PUBLICATION 4 - 1968
THE BUCHANAN MISSION SCHOOL AND
The southwestern part of Buchanan County lies in the Sandy Basin, its waters emptying into the Big Sandy River of Kentucky.
Although nearly all citizens owned land, including coal and timber, in the early years around the turn of the century, they were often poor, and lacked the conveniences and opportunities of modern life. Unaware of the potential value of their mineral and timber rights, they frequently sold them for a pittance. The fine virgin forests were almost intact. Some small sawmills had ripped a few thousand feet of lumber from the great forest. The millions of tons of coal that had underlain the hills for ages had been untouched. Not a foot of railroad penetrated the county, nor was there a single mile of improved public road.
The one factor responsible for the tardy development in the county was the great lack of educational facilities. The raw material was there and the great progress made in education during the last half century is ample proof that this material was rich and ripe for harvest. A few schools in dilapidated vacant houses, or rude schoolhouses, were taught for about five months of each year by poorly paid teachers.
On the headwaters of Russell Fork of the Sandy River is a community known as Council. It lies at the base of Big "A" Mountain. Here have lived for many years a people of pioneer stock and high native intelligence, who had no roads, no schools, and little contact with the outside world. Most of these people held firmly to the old ideas of honesty, sobriety, and neighborliness. The invigorating and thrill-satisfying activities of hunting were gone, with nothing to take their place.
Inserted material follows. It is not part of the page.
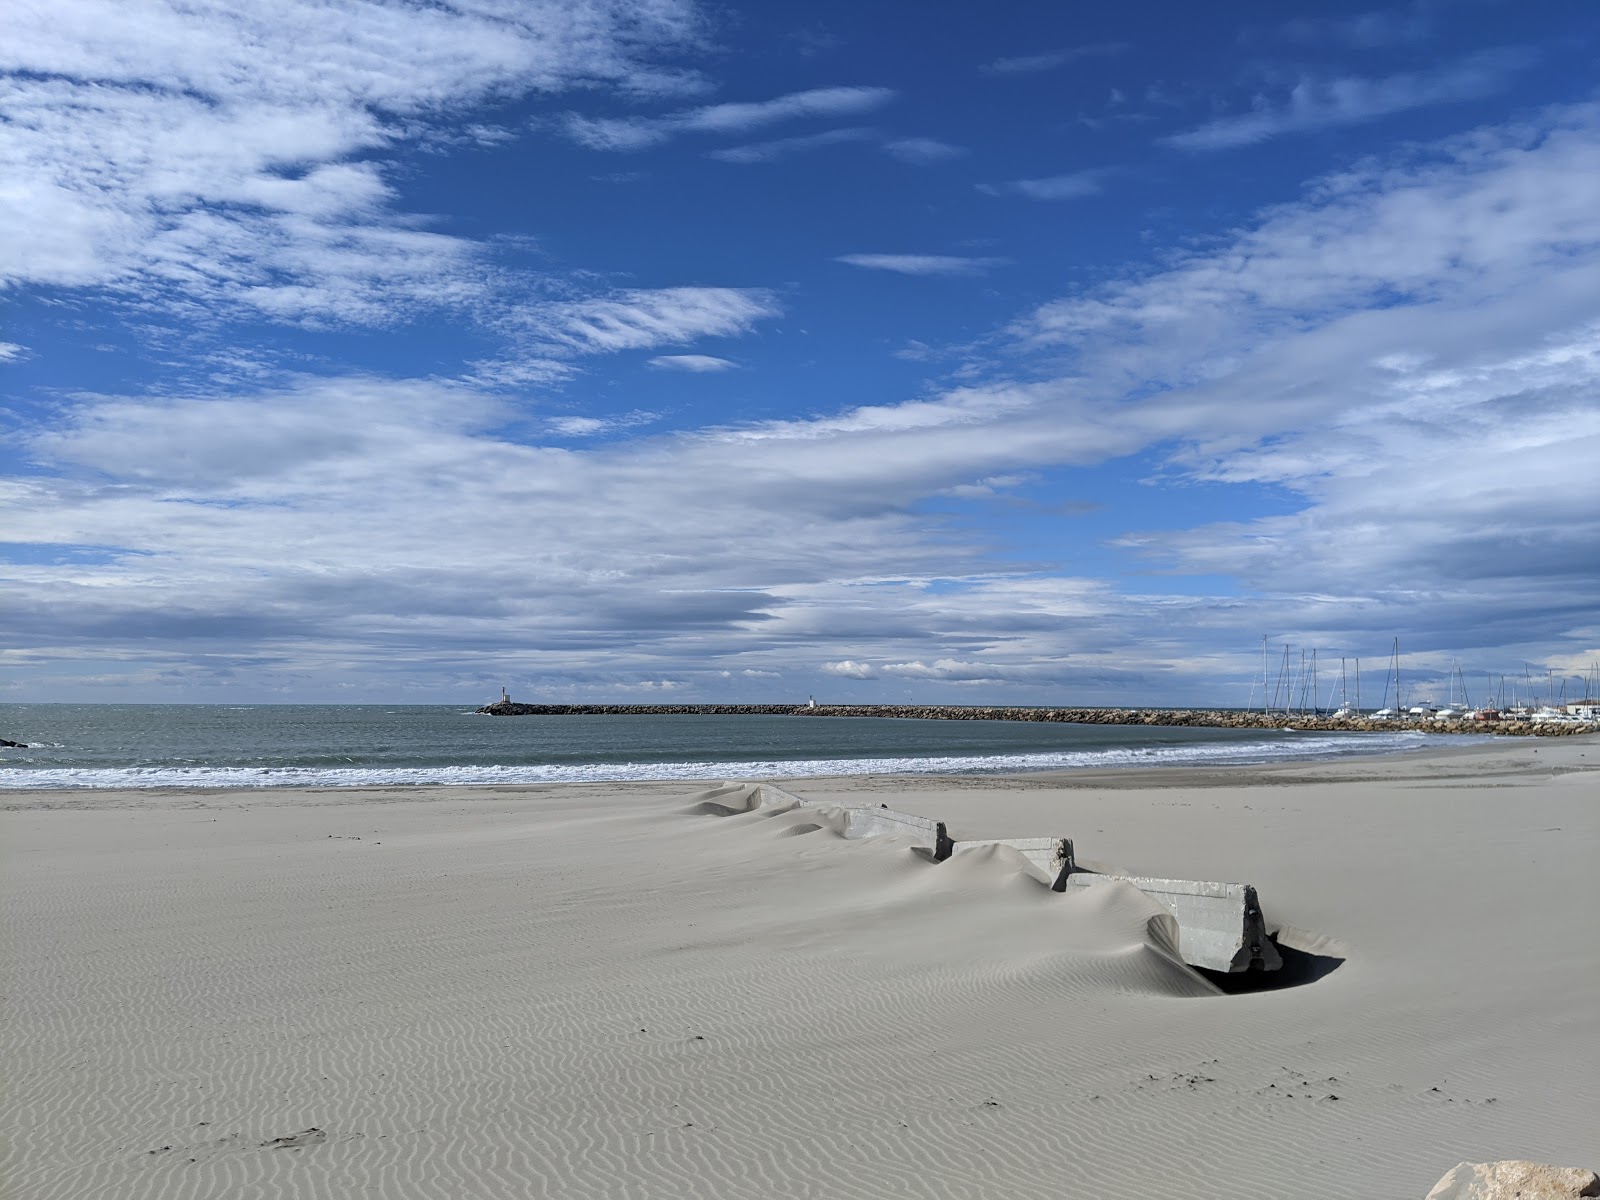 Fotografie cu Arenes beach cu o suprafață de nisip fin strălucitor

Some thought that the supreme need of these marooned people was their special brand of religion, and there began a scramble between different denominations to be the first in the field.
Some time prior to 1900 a Missionary Baptist Church was organized near Council, at Hale's Schoolhouse.
In May, 1906 the Baptist State Mission Board of Virginia sent the Rev. Walter A. Hash, of Grayson County, Virginia, into the community, but the work did not prosper. Rev. Hash was convinced that the solution lay in schools and education.
The Virginia Women's Union gave the initial sum of $2000 to begin the erection of the first building.
According to the manuscript of Mrs. Grace Mays Hale, Reverend Hash, Mr. J. M. McFarland, and Lazarus Hale were the first to break ground and start the building of the Buchanan Mission School at Council.
The school opened on January 16, 1911, with two teachers: Mrs. J. W. Reams, and a Miss Yates. The first session had an enrollment of 72 day students. No dormitories had yet been built. (Mrs. Reams was Martha Ford Reams, the wife of a Baptist minister of Southhampton County, Virginia).
The mission board began seeking for a qualified person to assume charge of the new school. They heard of Professor Henderson's fine work at Franklin, Virginia, and his wife's ability and interest in mission work. So they offered the job to the Hendersons.
Helen Timmons Henderson was born May 21, 1877, in Cass County, Missouri, a daughter of George S. Timmons and Martha Welby Rhoten, who were temporarily living in Missouri, but who returned soon afterward to their home in Jefferson County, Tennessee.
Martha Welby Rhoten (Timmons) was a daughter of Dr. John F. Rhoten, who left Scott County, Virginia, in young manhood, married Juliet Peck, and lived at Dandridge, on the French Board River in Tennessee, during 1834.
Among the valleys of the French Board and Holston rivers, Helen Timmons grew up. She attended Carson Newman College, where one of the professors was Robert Anderson Henderson, who later became her husband.
At the time of her marriage Helen Timmons was a Methodist, as had been her ancestors. Her husband was a Baptist. Without discussing the matter with him, she quietly changed her membership to the Baptist Church, to which she adhered loyally for the rest of her life.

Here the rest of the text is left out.